At the inaugural EnvoyCon that ran in Seattle, USA, the eBay engineering team talked about running Envoy at the "edge" of their network as a replacement for the existing hardware-based load balancers. Key learnings included that testing is vital in order to verify the performance characteristics across a range of real-world scenarios; migration between old and new edge systems must be carefully controlled, both from an organisational and technical perspective; and having a "programmable edge" provides many advantages, but also presents several challenges.
Bala Madhavan and Qiu Yu, both working as a member of technical staff software engineers at eBay, began the talk by discussing that eBay has data centers in the US, but runs points of presence (PoP) globally in order to reduce latency and provide better performance for end users. They use a "software powered infrastructure", with a Kubernetes cluster in each PoP, and a "north-south" gateway running at the edge of each cluster which is responsible for managing all external ingress and egress traffic.
The eBay edge team runs Envoy within multiple containers in each Kubernetes cluster.
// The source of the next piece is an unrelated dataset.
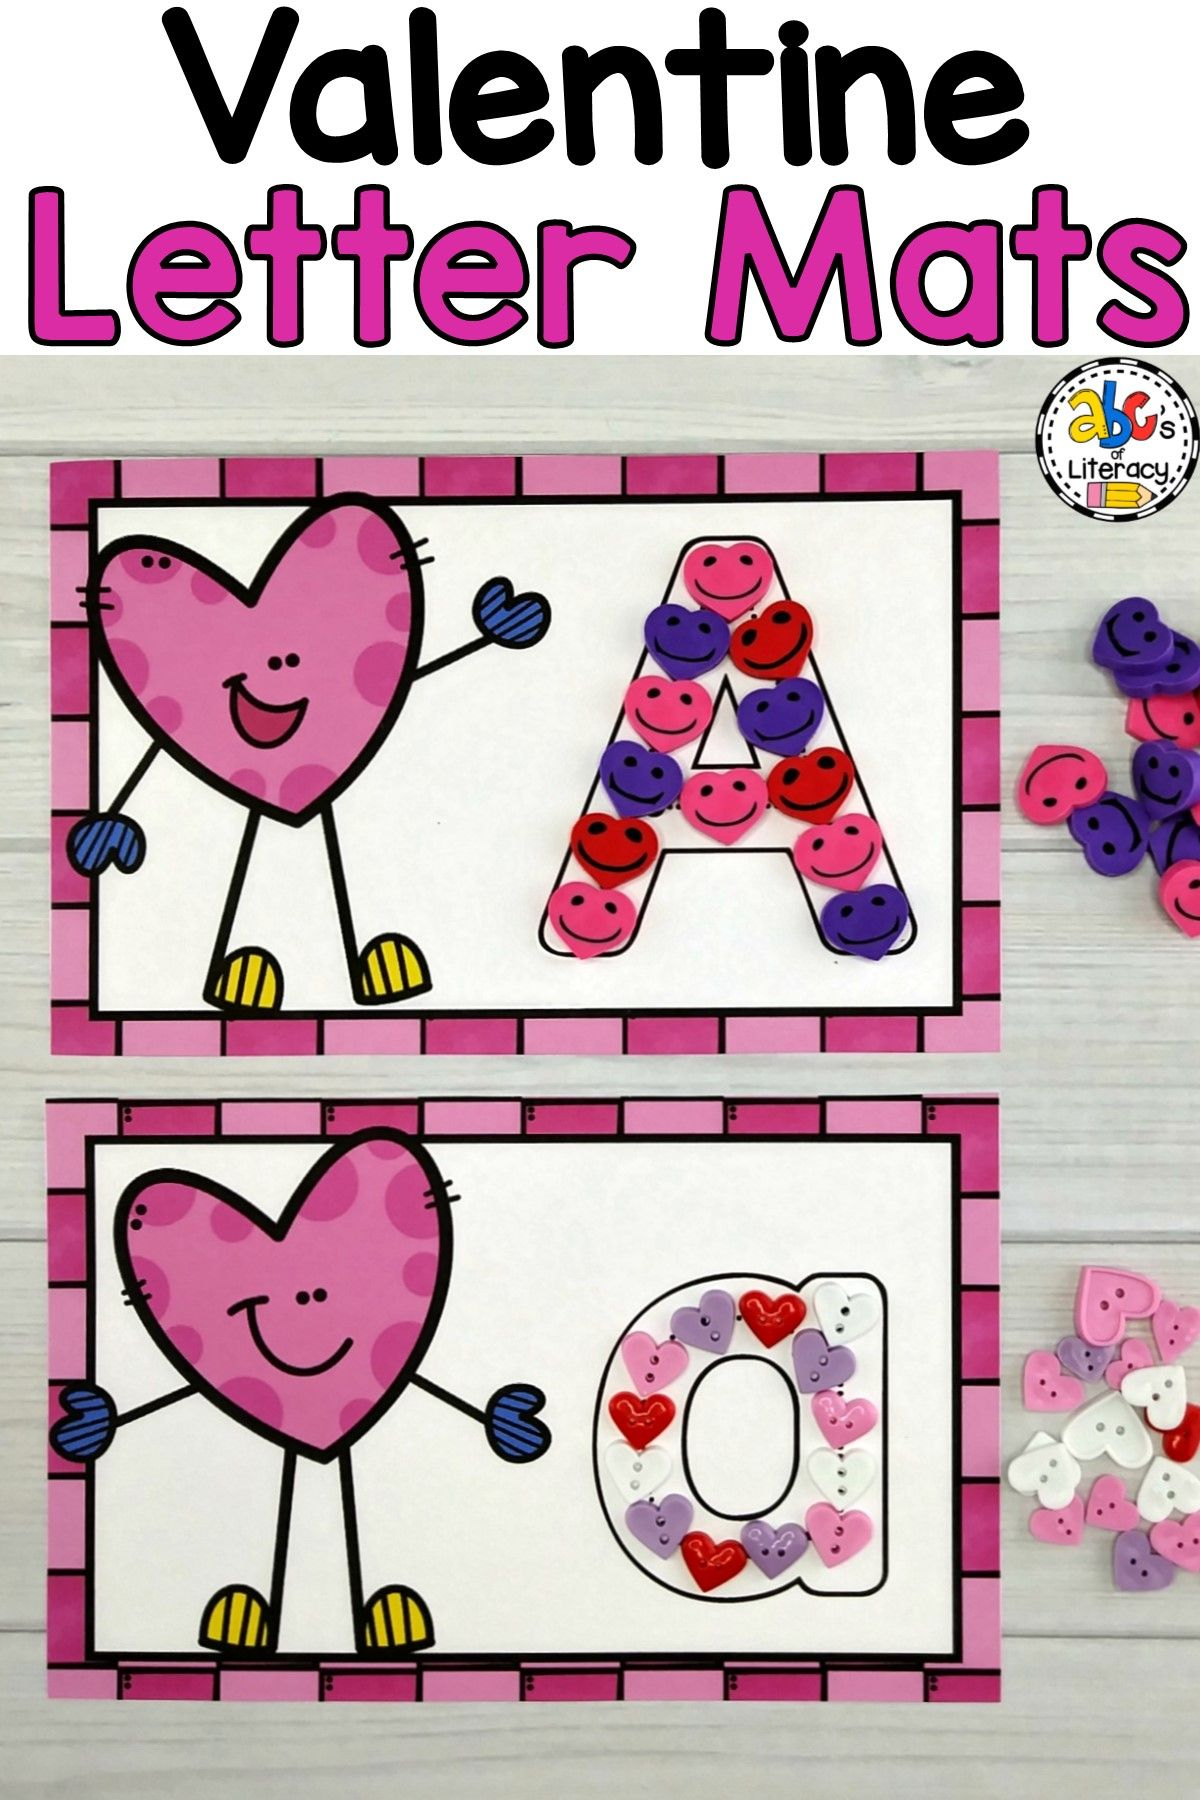 Valentine Letter Mats

Readiness and liveness probes ensure containers are running as expected, and that any dynamic recovery process completes successfully. Layer 7 routing and deployment control is managed by bespoke Kubernetes Custom Resource Definitions (CRDs), and Ingress annotations are used for custom feature specifications. They have implemented a custom discovery service that handles the following Envoy management xDS APIs and is responsible for deployment and routing: routing discovery services (RDS), listener discovery service (LDS), endpoint discovery service (EDS), and cluster discovery service (CDS).
Migration from a hardware based load balancer implementation to an Envoy-powered edge solution has been gradual. The initial step within the migration consisted of identifying and implementing any feature gaps between the existing and new Envoy solution, with the eBay team contributing associated code upstream to the open source Envoy project. Additional support was added for integration with a proprietary certificate management system, and several customisations were made to the data plane (which have not yet been contributed upstream). These handle connection prefetching, drop or reset requests to certain routes based on bespoke requirements, and provide a "default upstream cluster" for graceful error handling. Support for BBR, Google's new TCP flow control algorithm has also been added, as have unspecified "SSL and TCP optimisations".
Madhavan and Yu presented response time graphs demonstrating that the new Envoy-powered implementation currently performs better than the previous traditional hardware load balancer. With the addition of a caching layer implemented as an Envoy HTTP filter that supports dynamic object caching -- using external cache stores and Envoy's RingHash load balancer to shard cached data on multiple cache stores -- the time-to-first-byte (TTFB) improved by an order of magnitude.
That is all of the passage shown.